Make sure you understand the Introduction to Bayesian statistics first. Now we'll derive "Bayes' Rule".

Venn diagram
$P(A|B) = \frac{P(A \& B)}{P(B)}$ , and $P(B|A) = \frac{P(A \& B)}{P(A)}$ , so and therefor $P(A|B) = \frac{P(A)P(B|A)}{P(B)}$
Note that the above mathematics is true when A is a set of worlds or models and hence P(A) is a probability. It also holds when A is defined over a continuous space and so P(A) is a density rather than a probability.
If the set A is parameterised, then we can do this for a whole function at the same time. e.g.
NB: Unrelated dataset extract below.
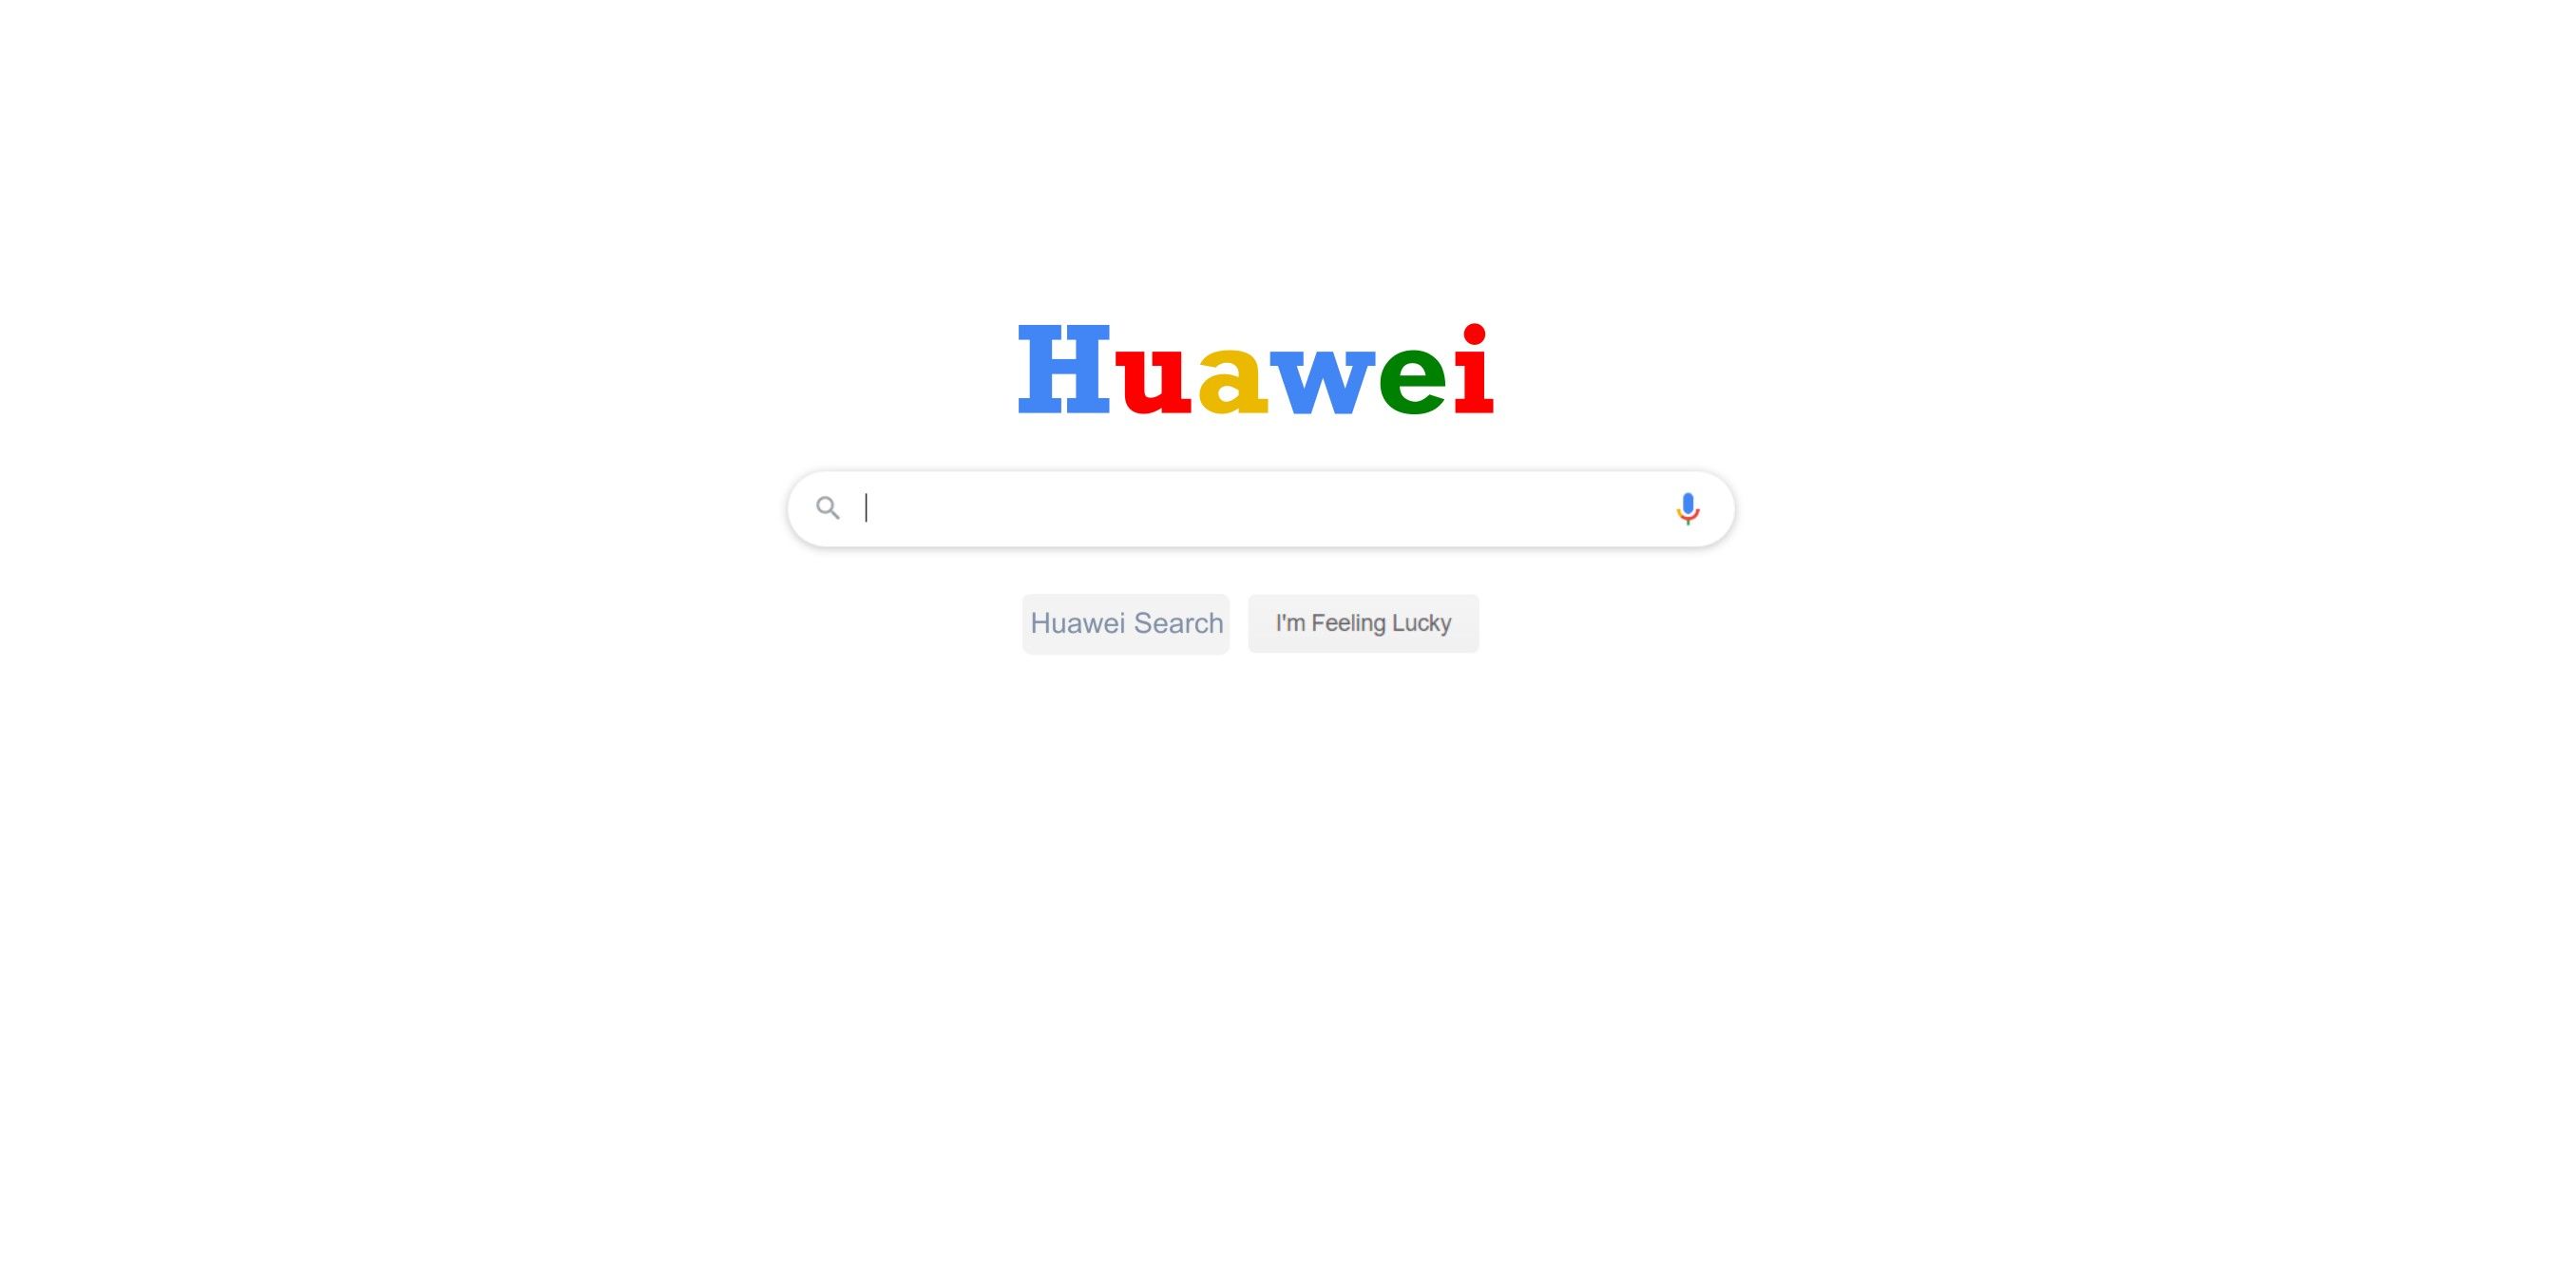 Huawei Search Is Coming & Thats Scary If the Accusations Are True

Assume A stood for "Location is x", and B stood for "the last observation was O" (see diagram p 199 of Probabilistic Robotics)
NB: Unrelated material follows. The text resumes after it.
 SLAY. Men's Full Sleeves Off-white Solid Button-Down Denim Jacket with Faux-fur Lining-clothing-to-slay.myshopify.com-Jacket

- Then for each value of x, P(Location is x | last observation was O) = P(Location is x (regardless of the last observation)) P(last observation was O | Location was x) / P(last observation would have been O)
- Note that P(last observation would have been O) is a constant - ignore it for the moment.
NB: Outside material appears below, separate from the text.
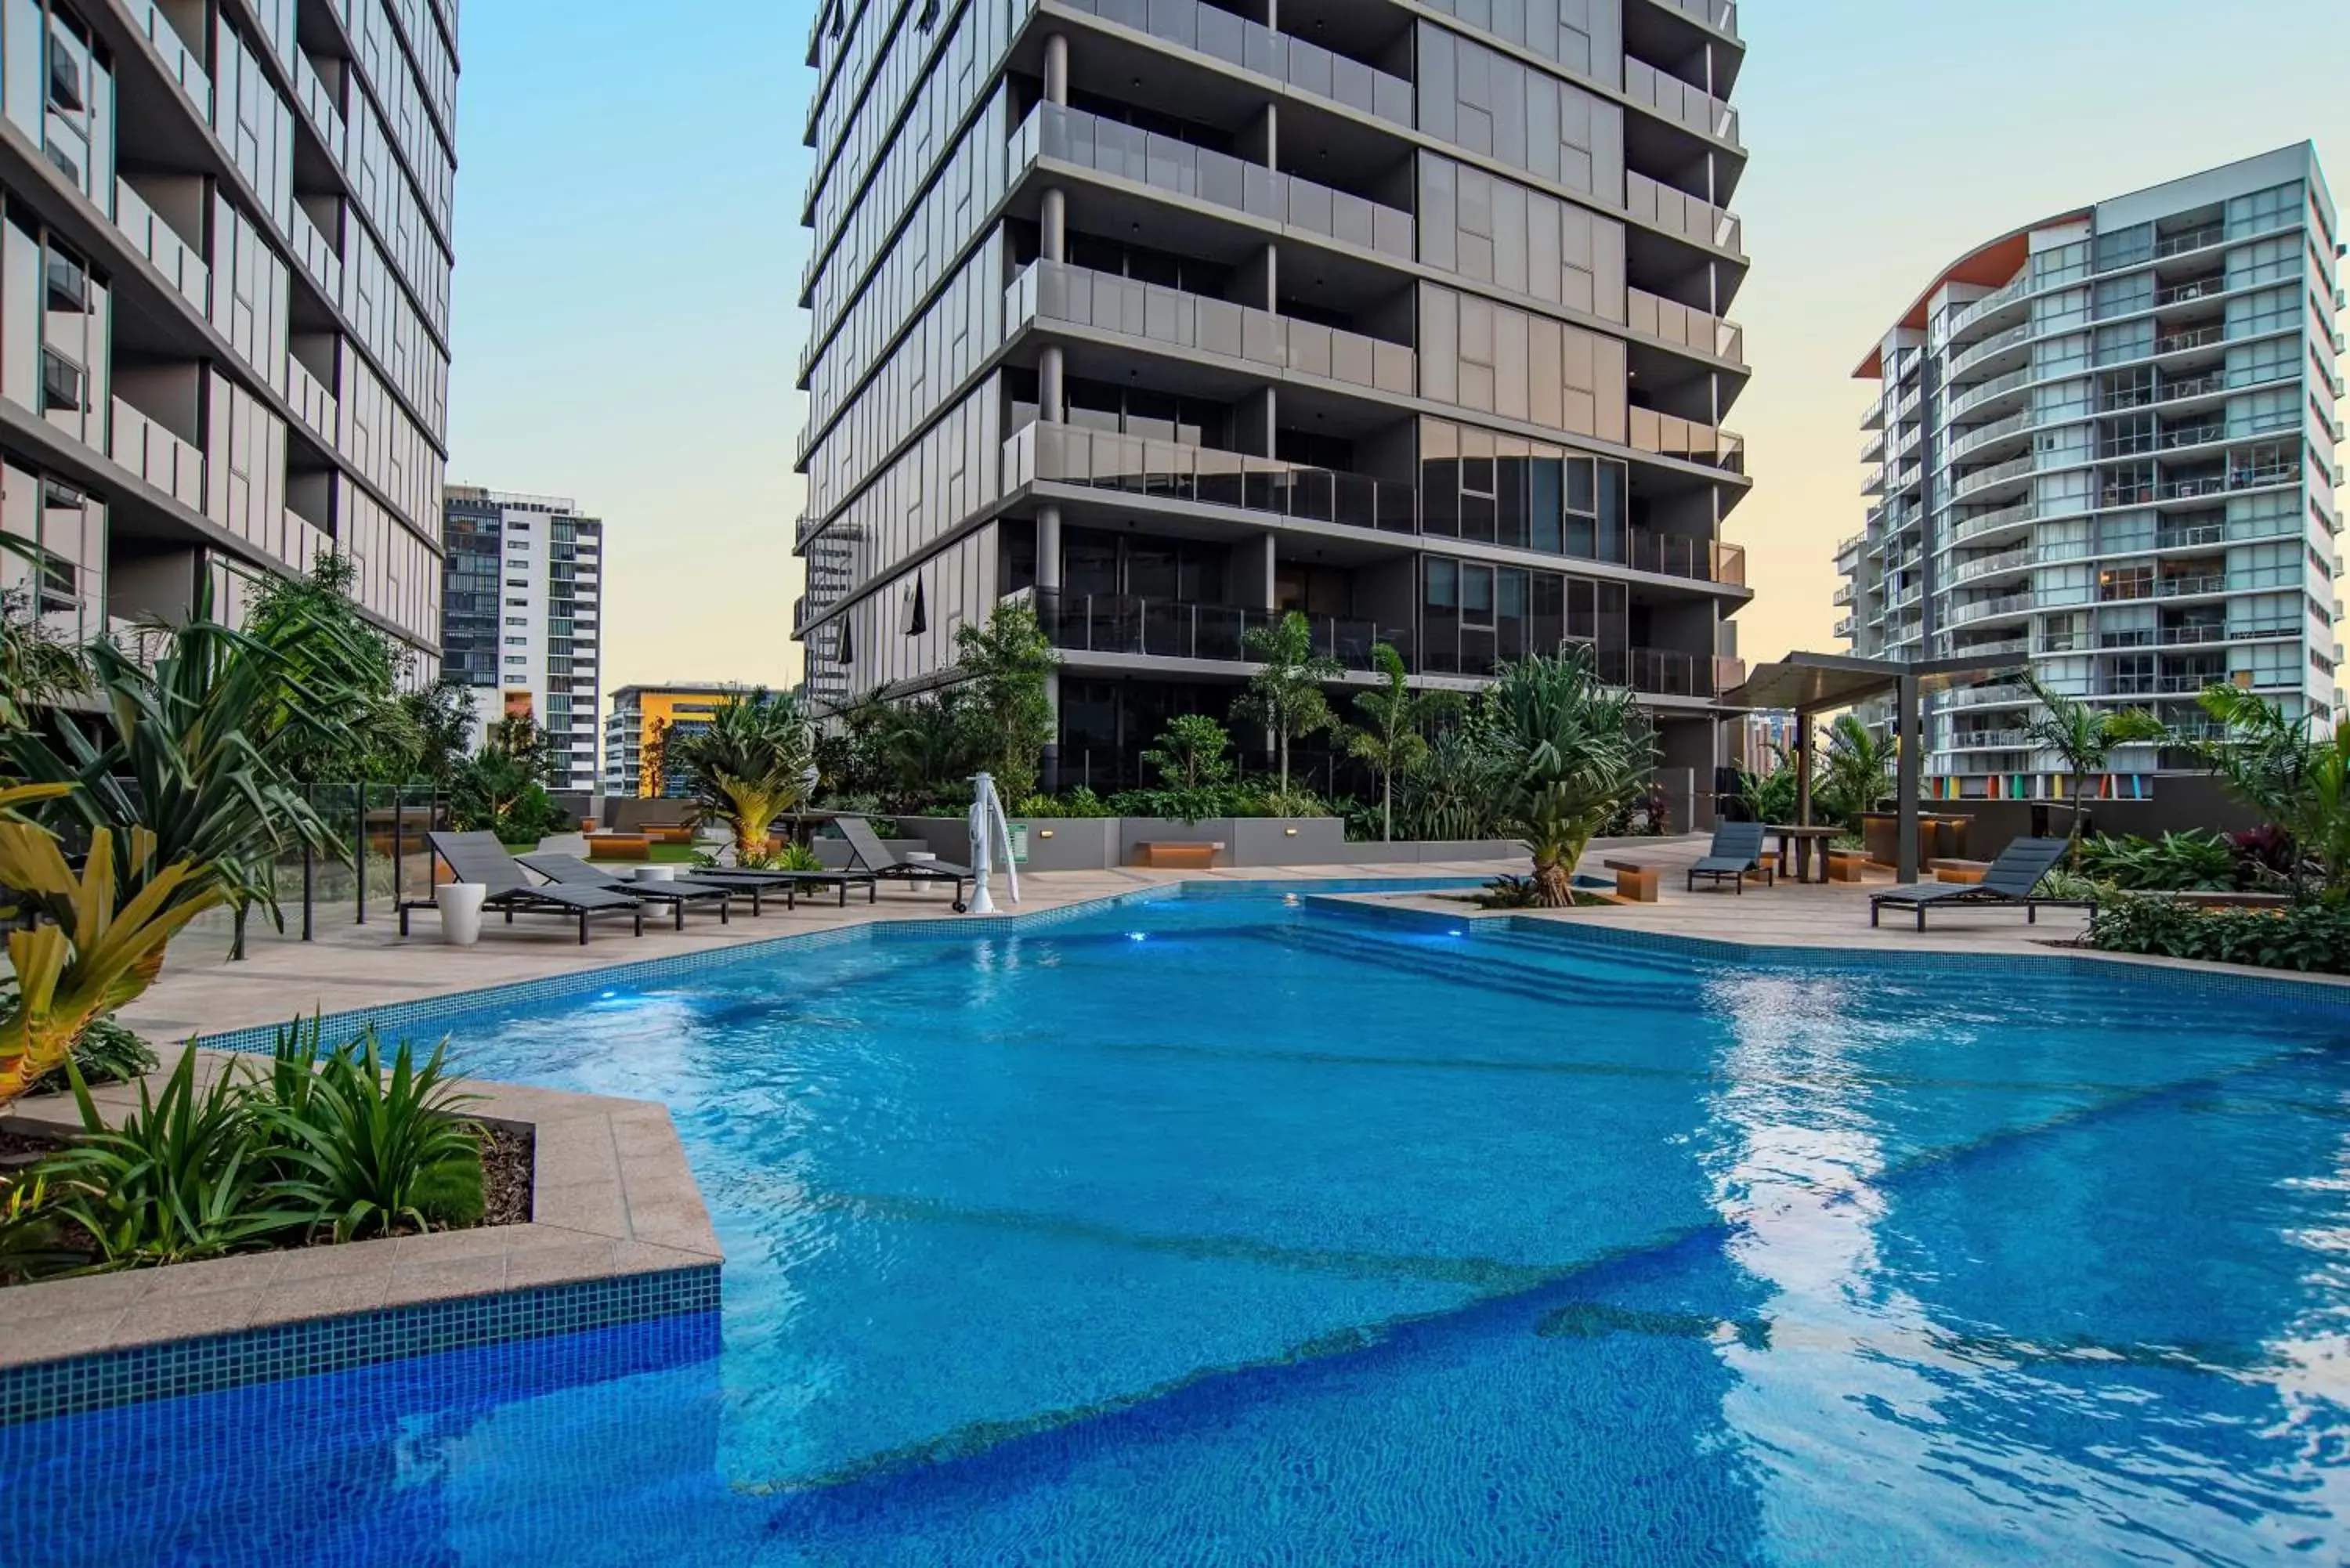 Property building, Swimming Pool in Brisbane One Apartments by CLLIX

- Note that P(Location is x | last observation was O), P(Location is x (regardless of the last observation)) and P(last observation was O | Location was x) are all functions of x - we could do the calculation for each value of x in parallel.
- If $f_1(x) = C_1e^{(x-\mu_1)^2}$ and $f_2(x) = C_2e^{(x-\mu_2)^2}$ then $f_1(x) \times f_2(x) = C_1e^{(x-\mu_1)^2} \times C_2e^{(x-\mu_2)^2} = C_1C_2e^{(x-\mu_1)^2+(x-\mu_2)^2}$

The goal of Bayesian prediction is to predict the next observation from a sequence of such observations.
We assume a class of models, M, which includes the true model, t.
- Each model will define the probability of each observation at each timestep.
Define a probability distribution over those models; our subjective probability that each model is the true model.
- Initially this could be a uniform distribution, or some sort of complexity prior (See Occam's razor) that makes more complex models less likely
At any point there are two obvious ways to make a prediction about the next observation:
- Choose the most likely model and predict what it predicts, or (this is fast)
- Use a weighted sum of the predictions of all the models. (this is more accurate)
- Note that models might make different predictions at different times.
When we see an observation, we need to then update the probability distribution over the models given that distribution. Bayes' rule is used.
- $P(m|o_t) = \frac{P(m)P(o_t|m)}{P(o_t)}$ , but the observation probability is a constant, so $P(m|o_t) \propto P(m)P(o_t|m)$ , and you can renormalise to return that to a probability distribution.